Xinhuanet wrote:Legendary sunken treasure discovered in SW China
CHENGDU, March 20 (Xinhua) -- A centuries-old legend that a vast booty of treasure belonging to the leader of a Chinese peasants uprising was lying at the bottom of a river has now been proven true.
After more than 10,000 items of gold and silver were recovered from the bottom of Minjiang River in Sichuan Province, archeologists confirmed Monday the tale of Zhang Xianzhong and his sunken treasure, dating back to the Ming Dynasty (1368-1644).
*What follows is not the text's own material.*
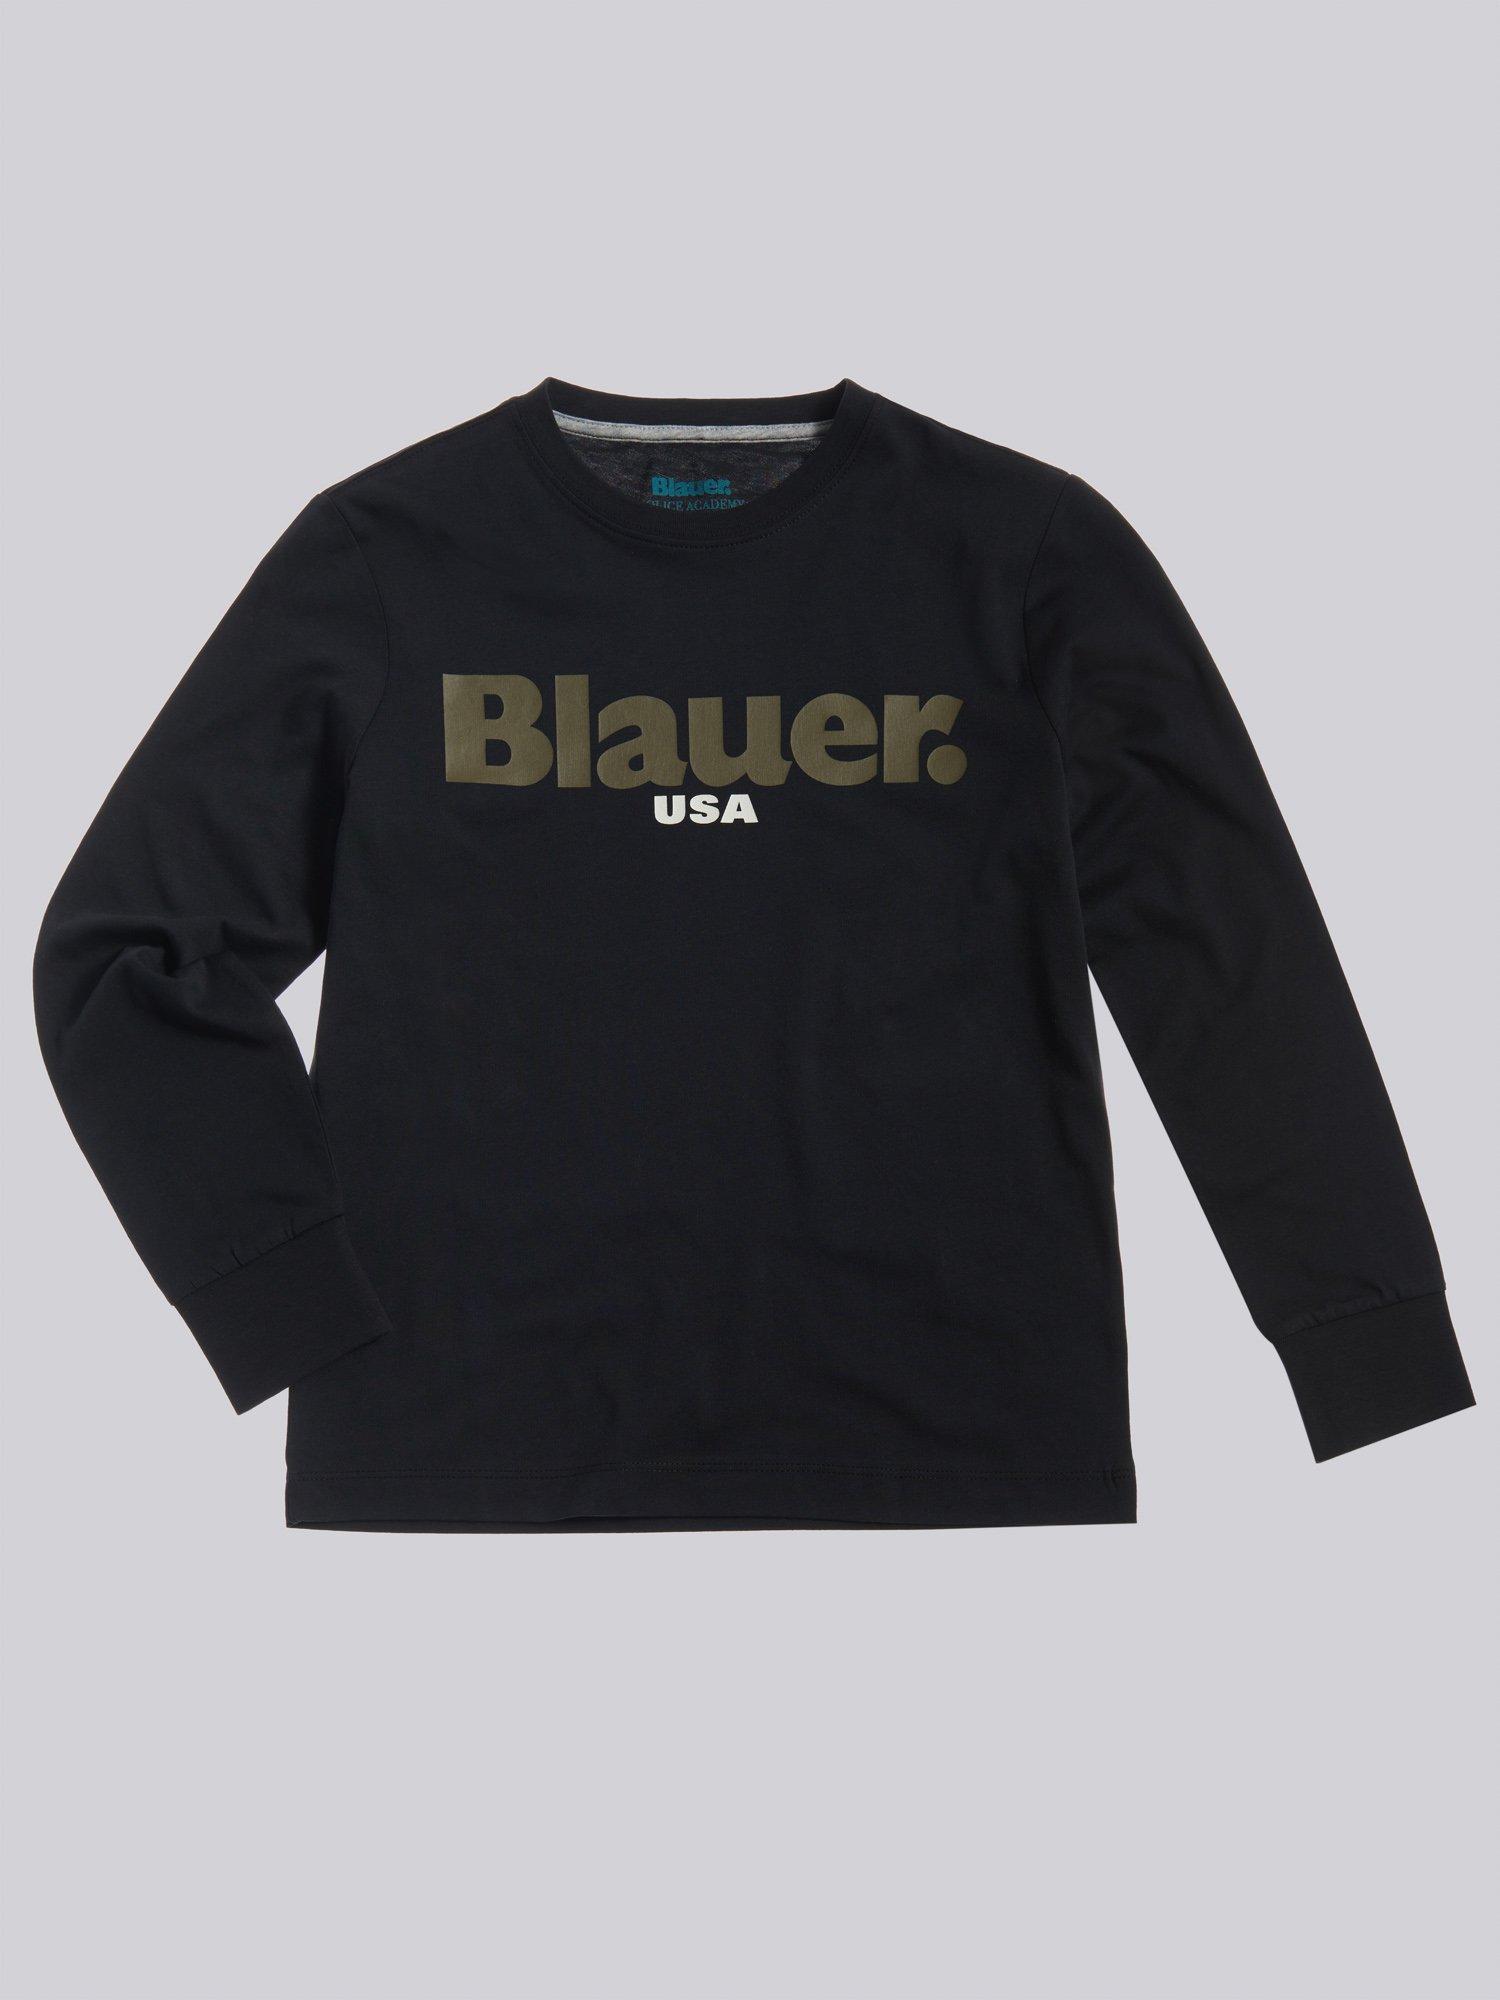 BLAUER LONG SLEEVE T-SHIRT - Blauer

Legend had it that in 1646, peasant leader Zhang Xianzhong was defeated by Ming Dynasty soldiers while attempting to transfer his large haul of treasure southward. About 1,000 boats loaded with money and assorted valuable were said to have sunk in the skirmish.
But for centuries the story remained little more than a rumor with no reliable evidence.
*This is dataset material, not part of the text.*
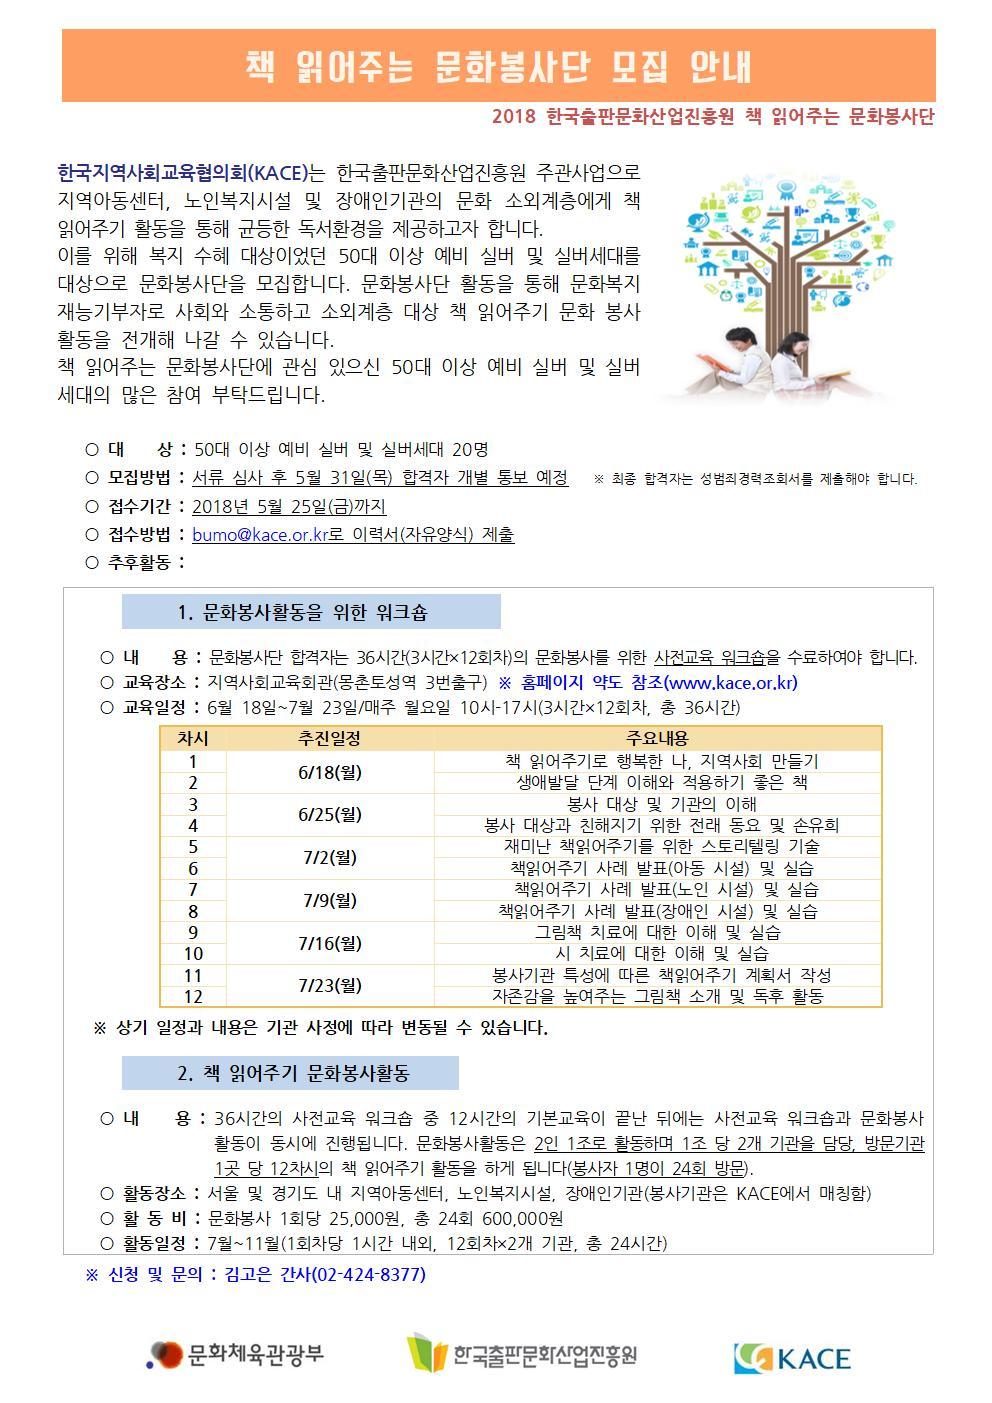 문화봉사단 신청 안내문(봉사단)_수정001.jpg

"The objects uncovered are the most direct and compelling evidence to identify the area where the battle was fought," said Wang Wei, a Chinese archaeologist.
"The items found include large amounts of gold, silver and bronze coins, jewelry, and iron weapons such as swords, knives and spears," said Gao Dalun, director of Sichuan Provincial Cultural Relics and Archeology Research Institute.
But Chinese archaeology has sometimes to be taken with a grain of salt…
From what I read elsewhere, Zhang was a soldier, recruited an army during the peasant troubles, conquered a province he tried to rule (with much ferocity) and finally was attacked and defeated by the Qing (invading Manchus).